Voto

5

Nonostante Pirati dei Caraibi –  La vendetta di Salazar tenti di recuperare terreno rispetto al flop del quarto capitolo, non riesce a reggere il confronto con le prime tre pellicole della saga. La regia di Joachim Ronning trova i suoi punti di forza nelle serrate scene d’azione, nei campi lunghi mozzafiato che mettono in risalto la straordinaria fotografia di Paul Cameron e negli effetti speciali spettacolari, tralasciando però la sceneggiatura, talmente piatta da rendere inconsistente perfino il personaggio di Jack Sparrow, da sempre il punto di forza della saga, e che procede con un ritmo eccessivamente vorticoso che non lascia spazio ai dialoghi, ridotti all’osso e banali.

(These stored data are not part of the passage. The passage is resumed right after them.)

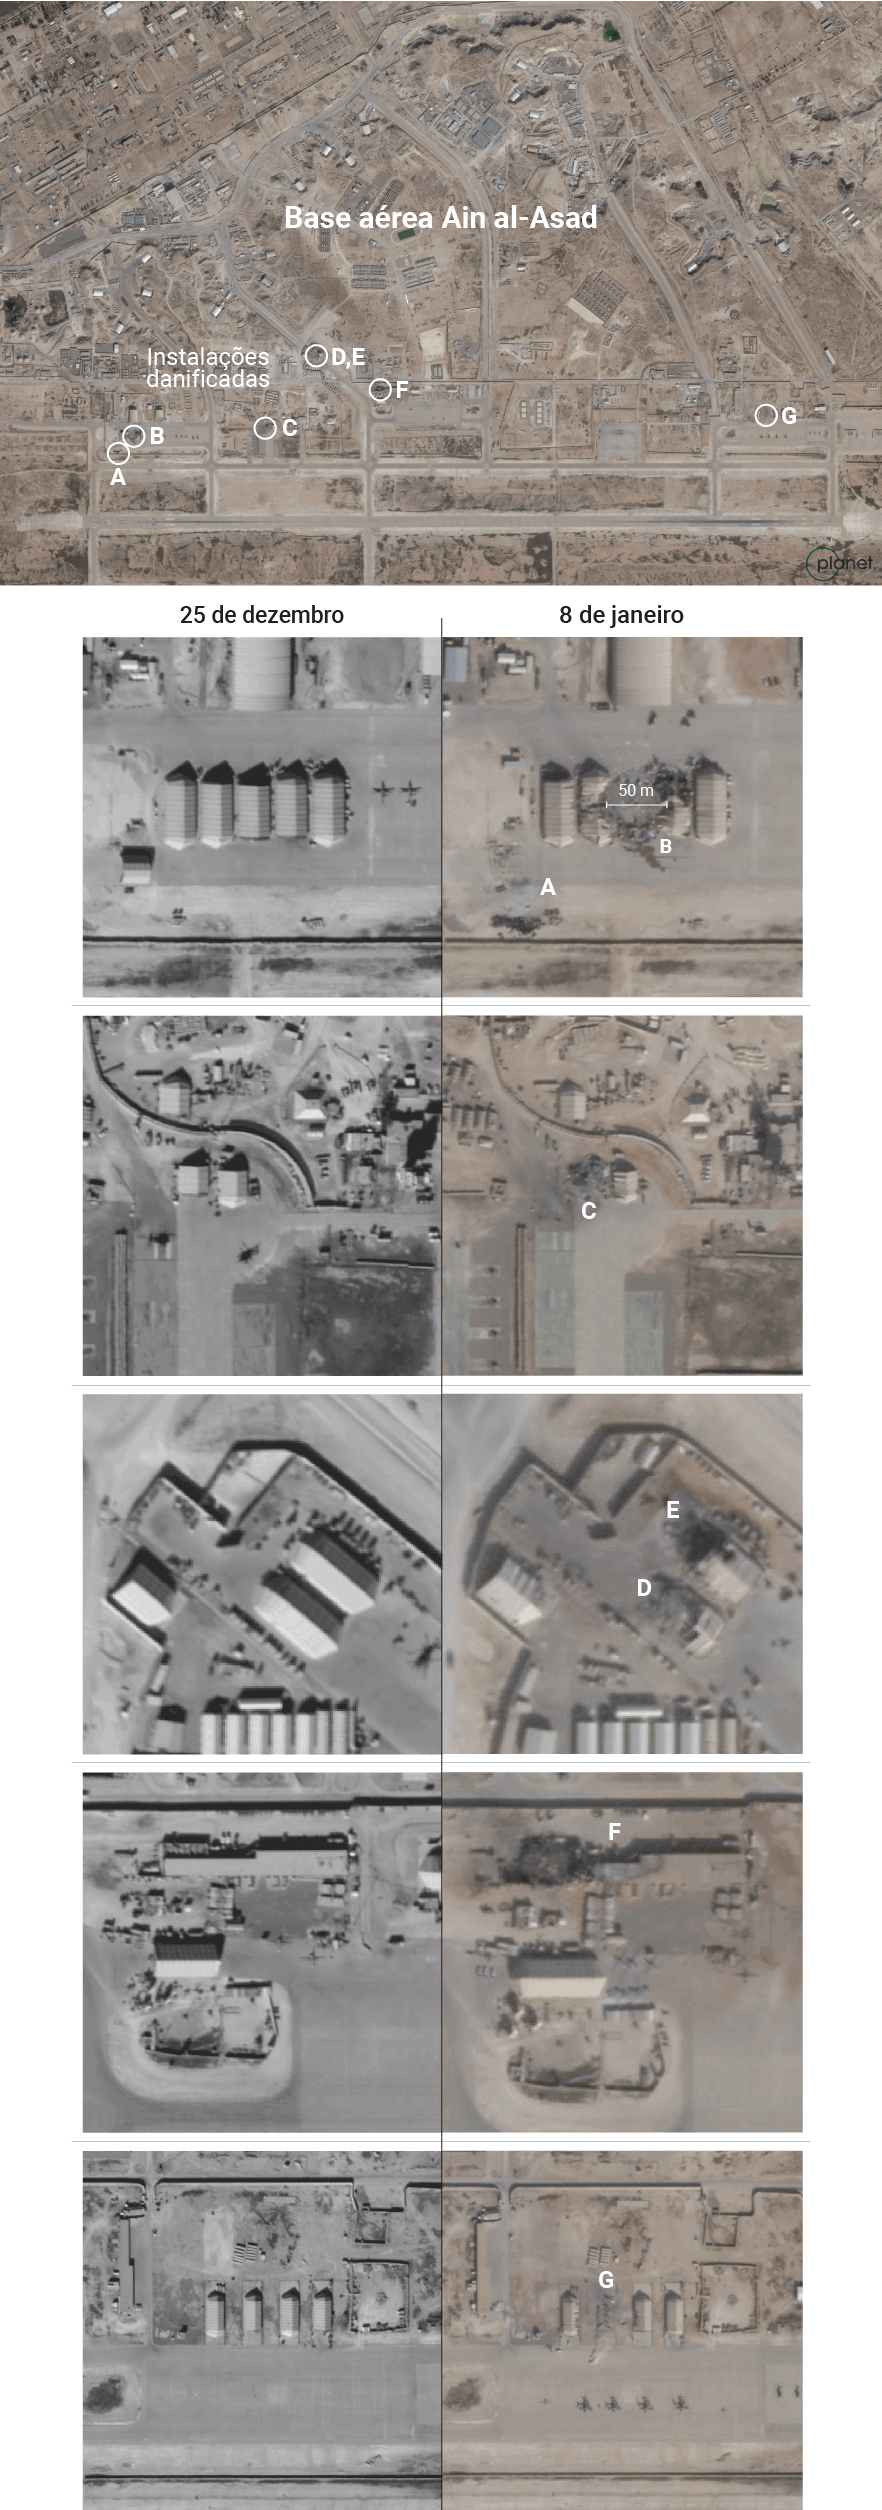 imagens de satélite da base aérea norte americana bombardeada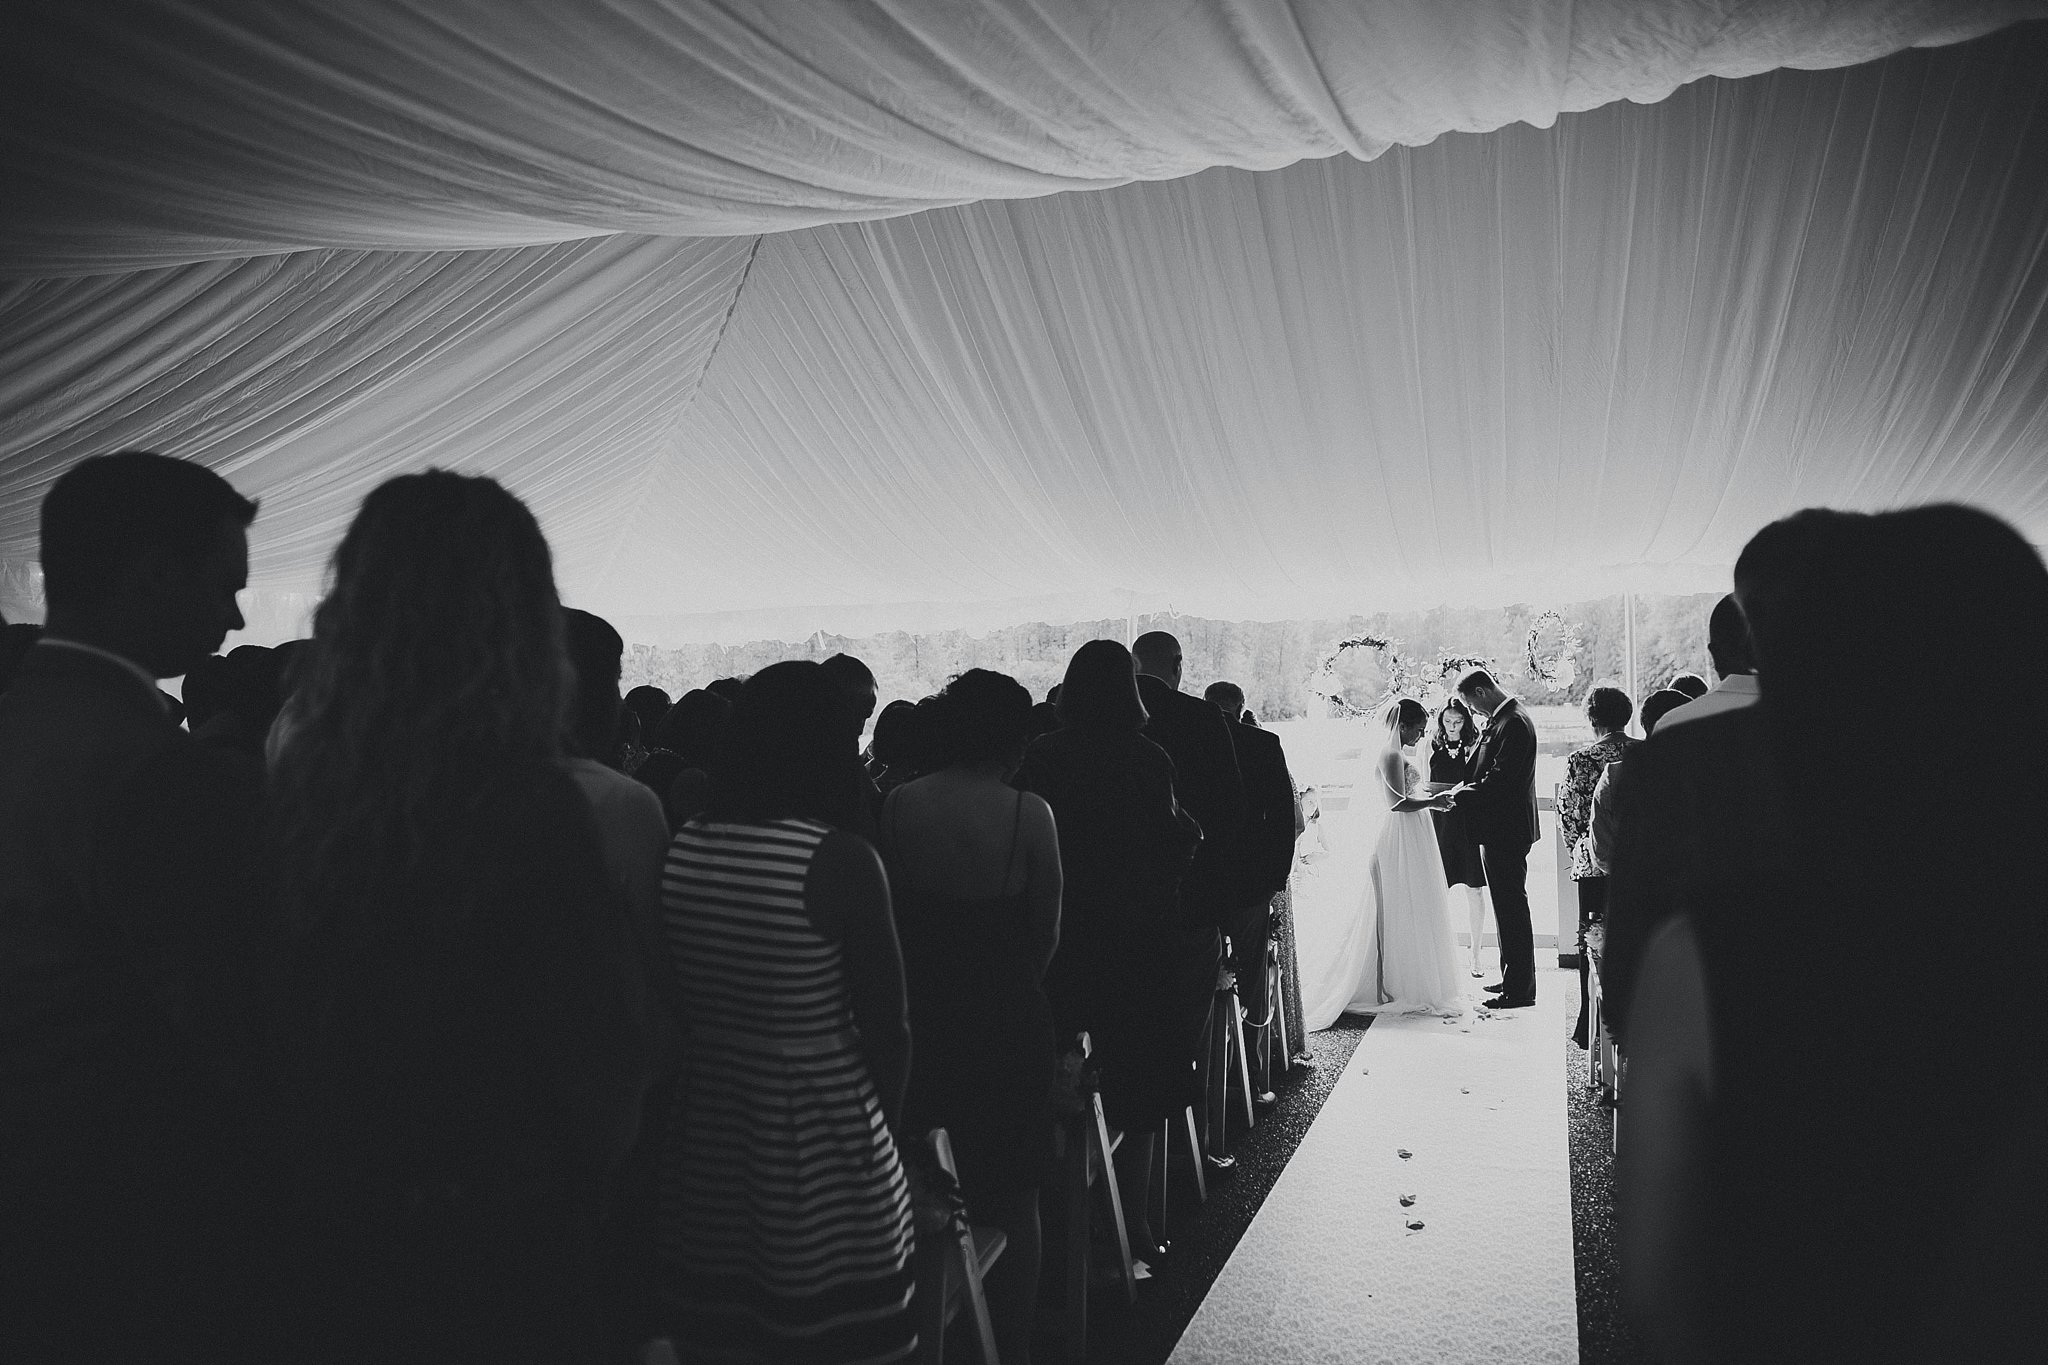 ashley_vos_seattle_wedding_photographer_0097.jpg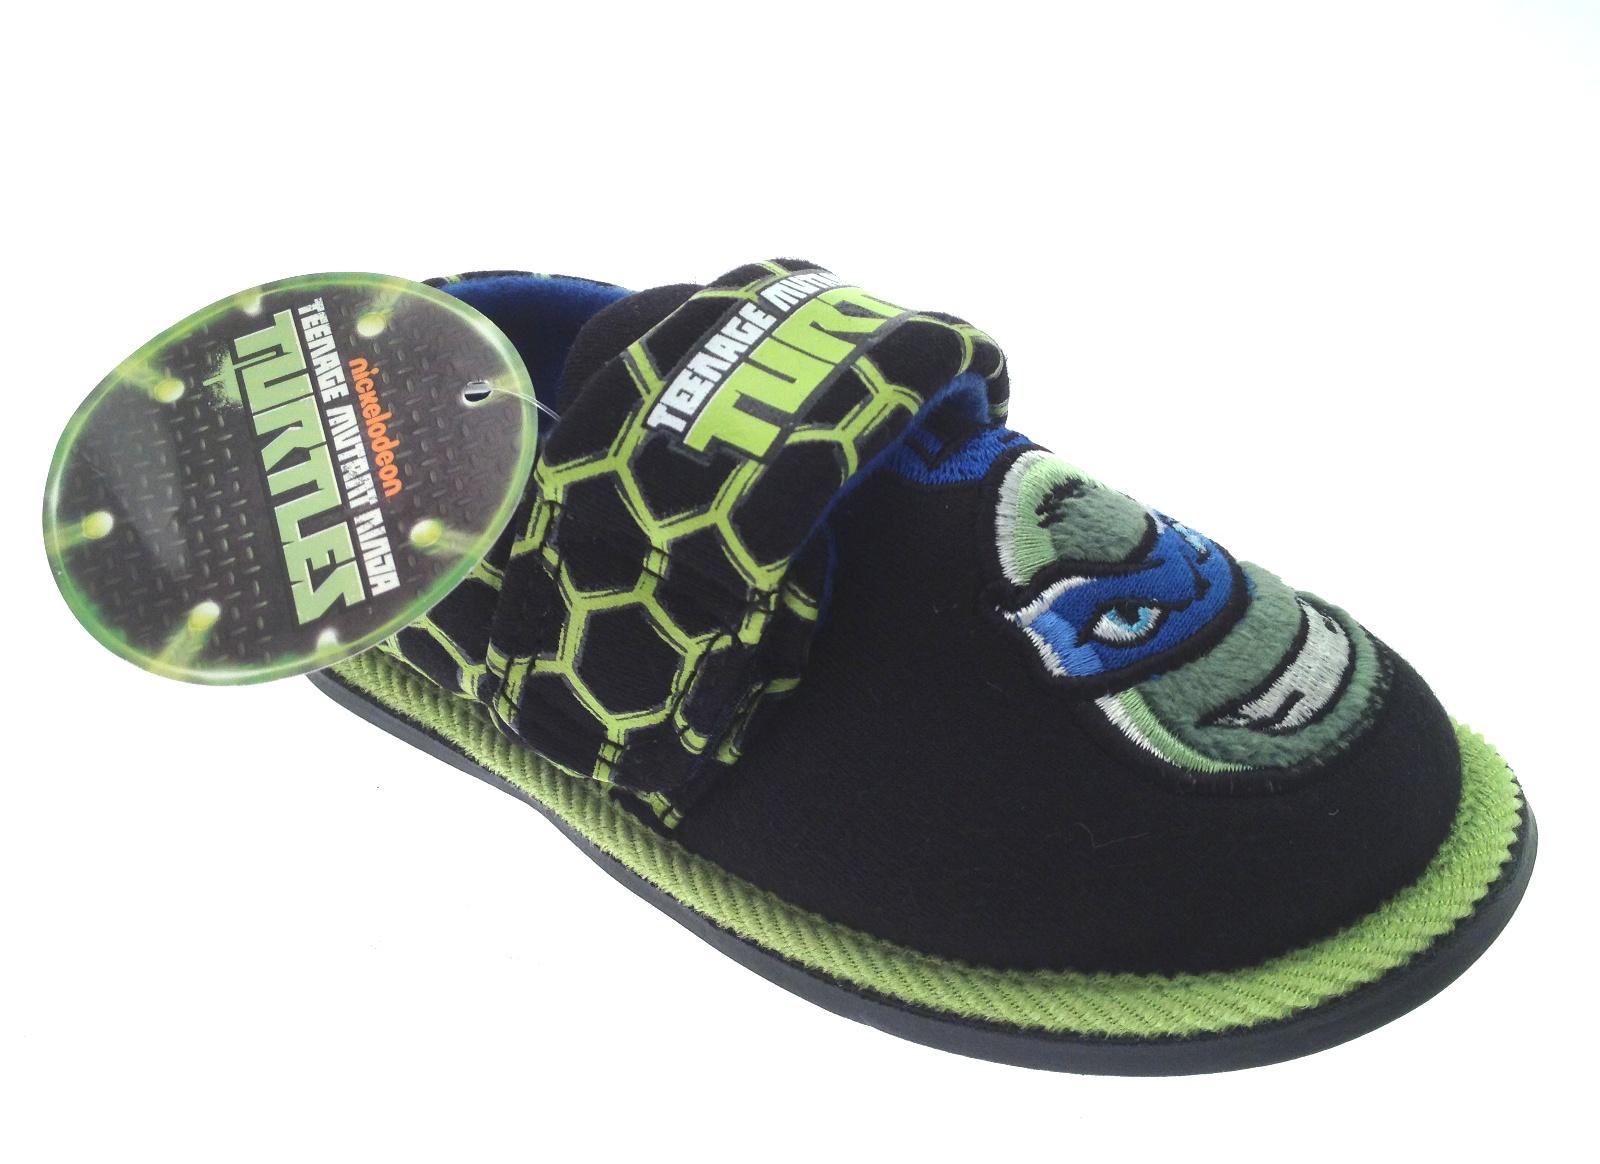 Mutant Ninja Turtles Child/'s Size 910 Slippers

Javier Bardem nei panni del villain risulta più convincente del Barbanera interpretato da Ian McShane nel capitolo precedente, ma rimane comunque ben lontano dallo spessore di Davy Jones, finendo così per apparire come una sua ombra sbiadita. Allo stesso modo la nuova coppia formata da Brenton Thwaites e Kaya Scodelario ripercorre i passi di Orlando Bloom e Keira Knitghley senza reggerne il confronto a causa di uno sviluppo superficiale e poco approfondito.

La vendetta di Salazar diverte, intrattiene e meraviglia il pubblico grazie a un impatto visivo magnifico, ma non raggiunge le leggendarie atmosfere magiche dei primi tre film e rende Pirati dei Caraibi l’ennesima saga rovinata dal “tirarla per le lunghe”.